This exercise calls for the whole listing to be given again exactly, without images.

Segment Open

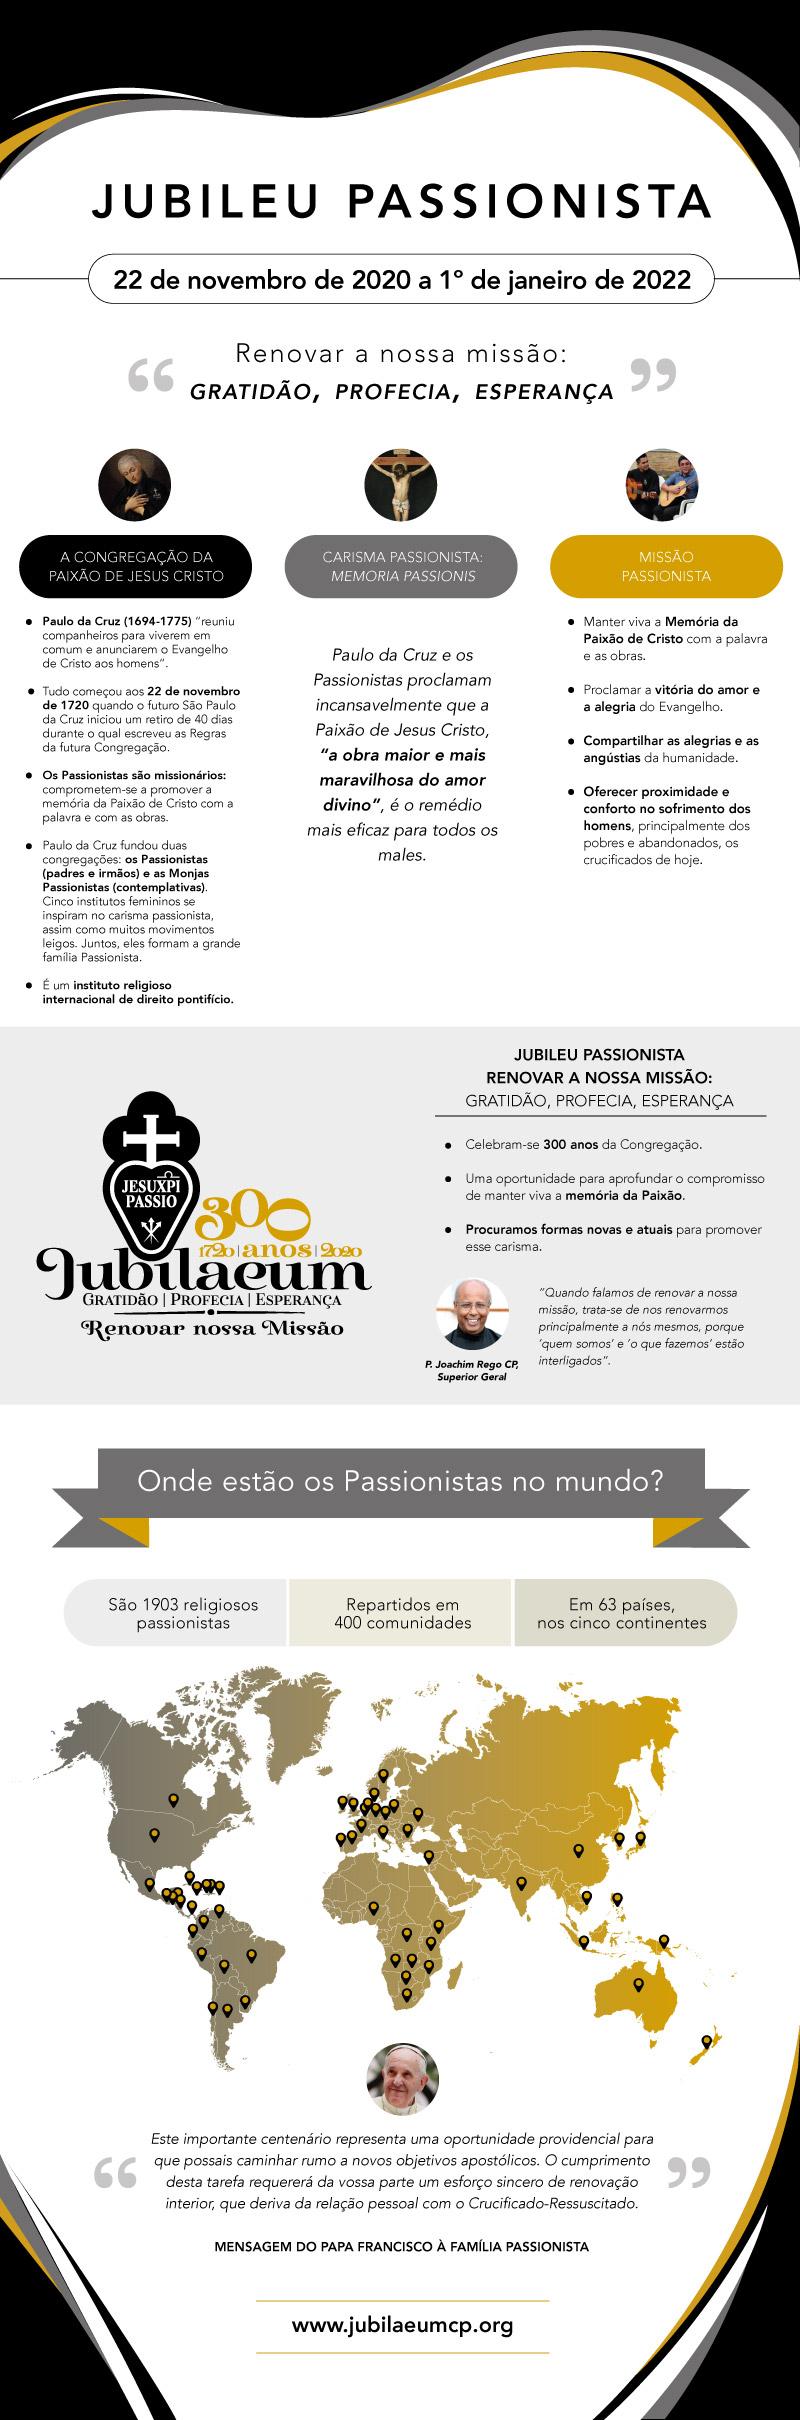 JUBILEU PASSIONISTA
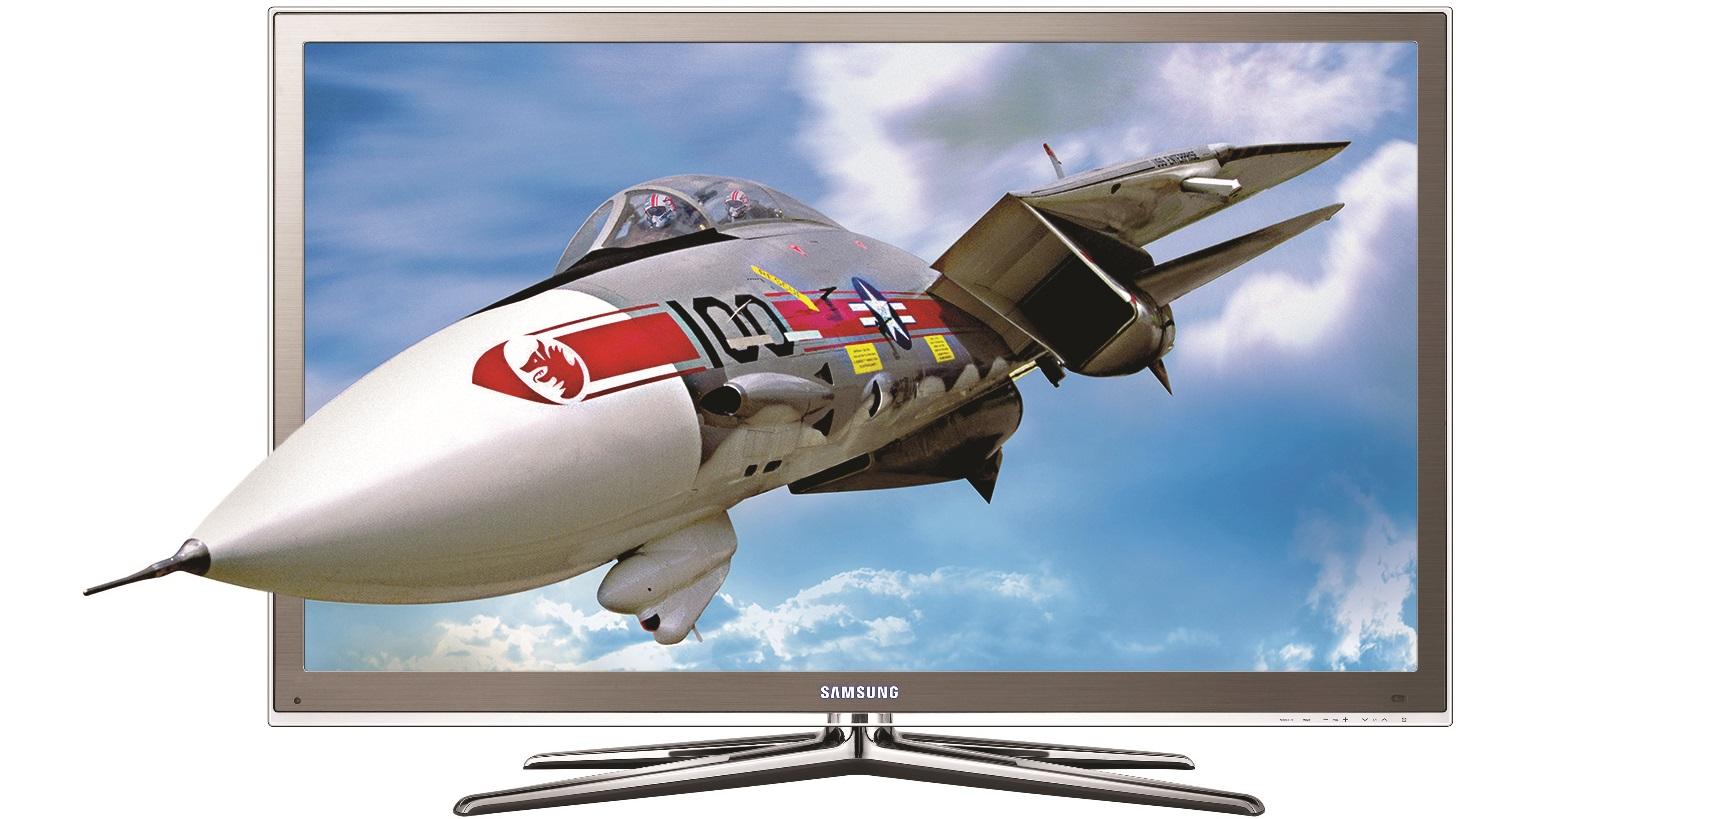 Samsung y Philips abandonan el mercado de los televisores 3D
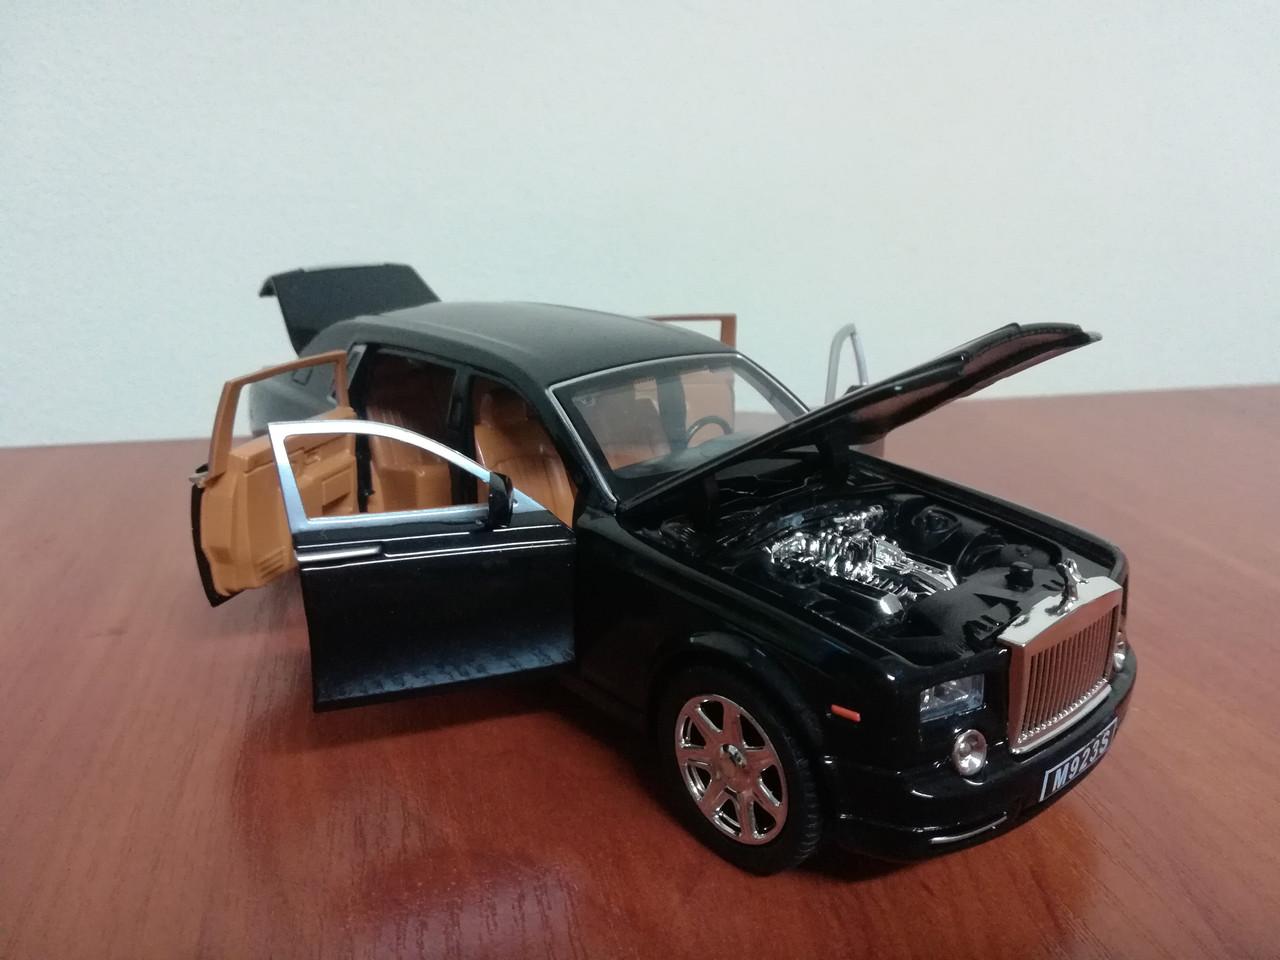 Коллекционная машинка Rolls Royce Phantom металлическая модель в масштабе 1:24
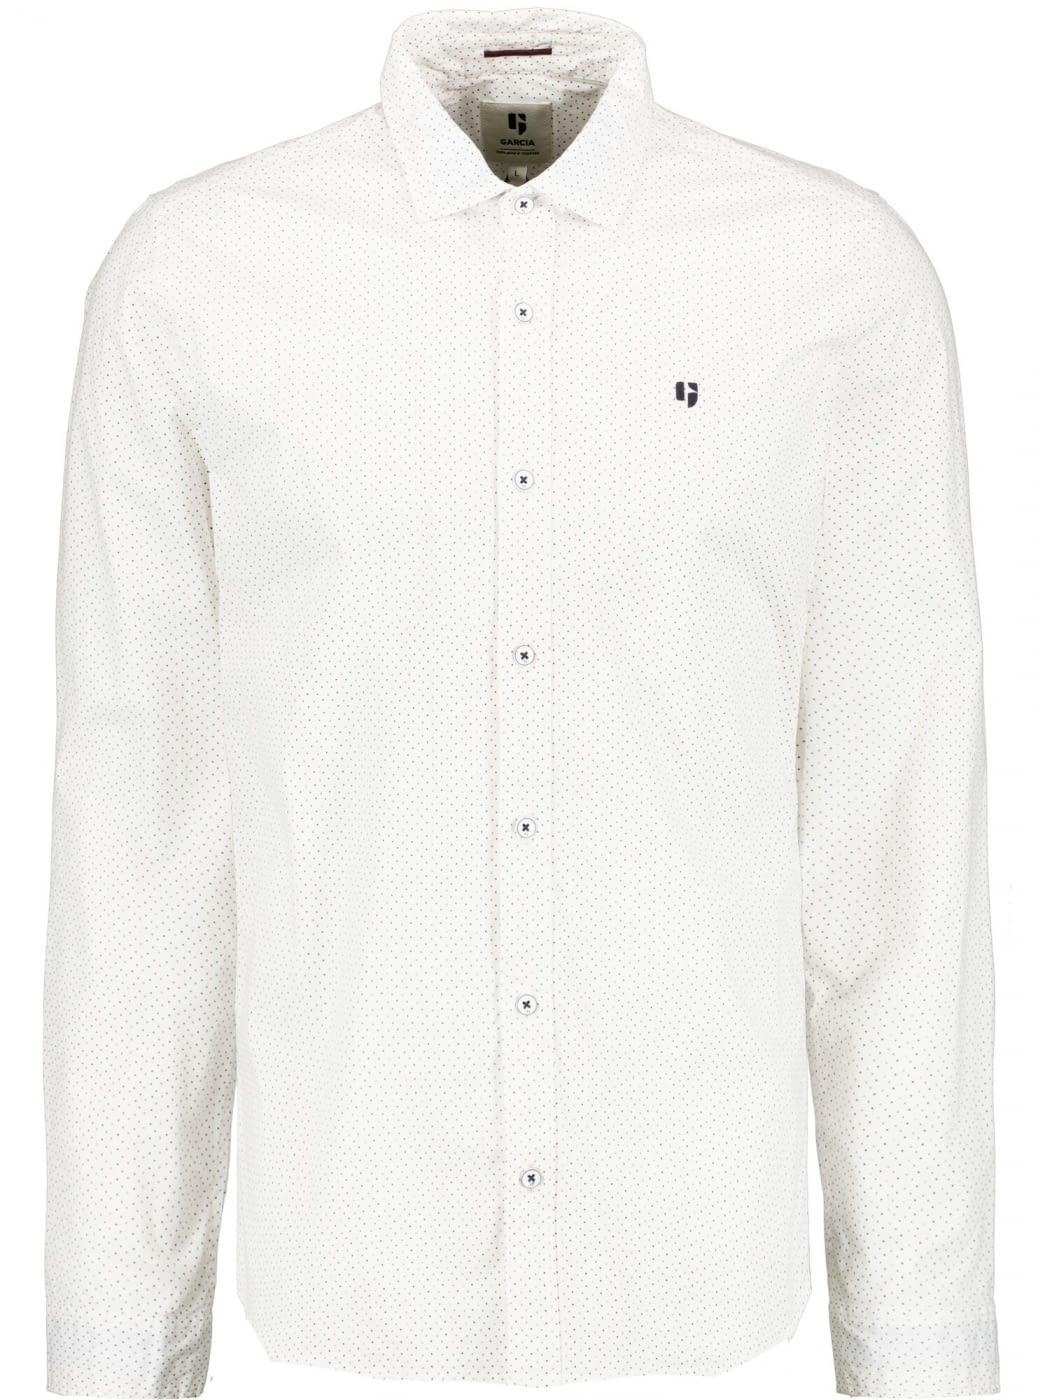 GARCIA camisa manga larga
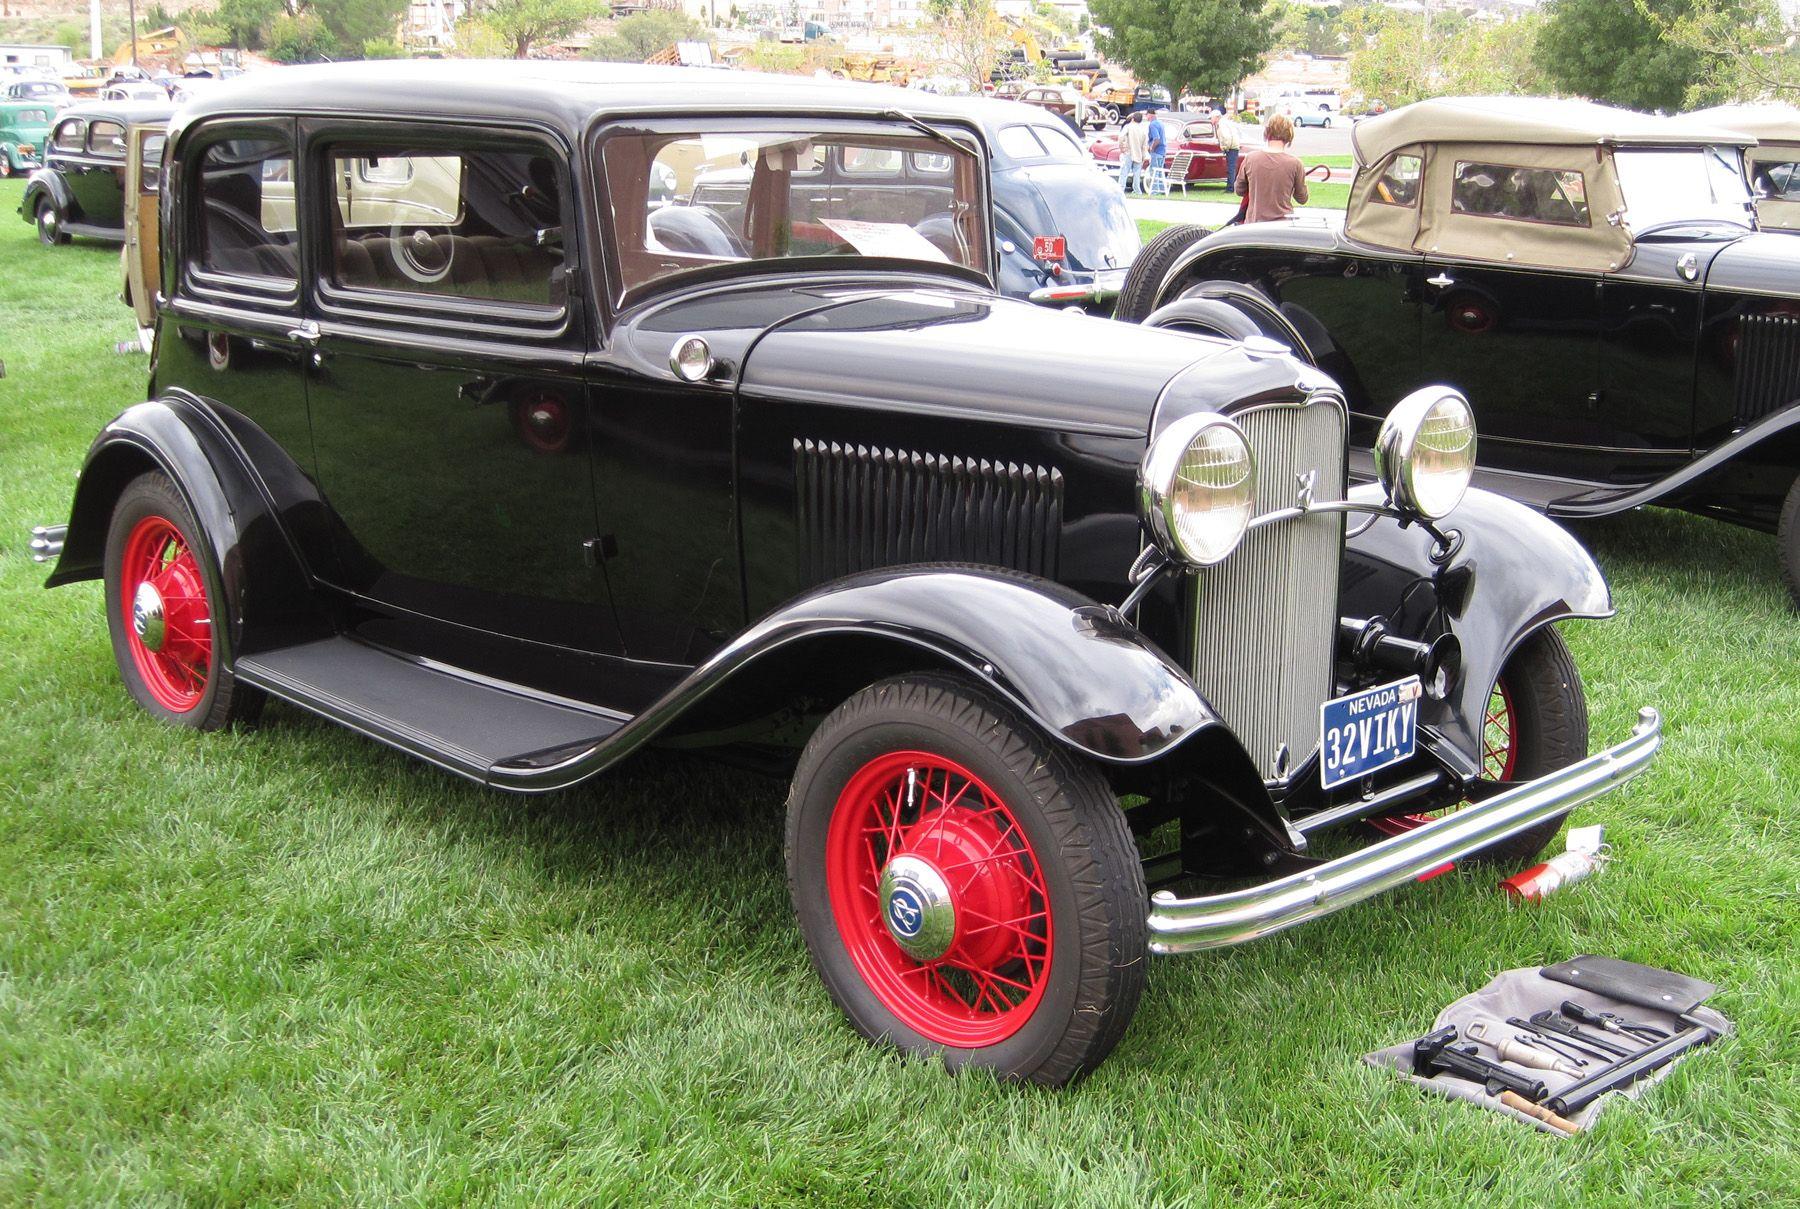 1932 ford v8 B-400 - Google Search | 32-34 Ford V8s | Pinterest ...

Segment Closed

SOLUTION FOR THIS TASK:
 JUBILEU PASSIONISTA
 Samsung y Philips abandonan el mercado de los televisores 3D
 Коллекционная машинка Rolls Royce Phantom металлическая модель в масштабе 1:24
 GARCIA camisa manga larga
 1932 ford v8 B-400 - Google Search | 32-34 Ford V8s | Pinterest ...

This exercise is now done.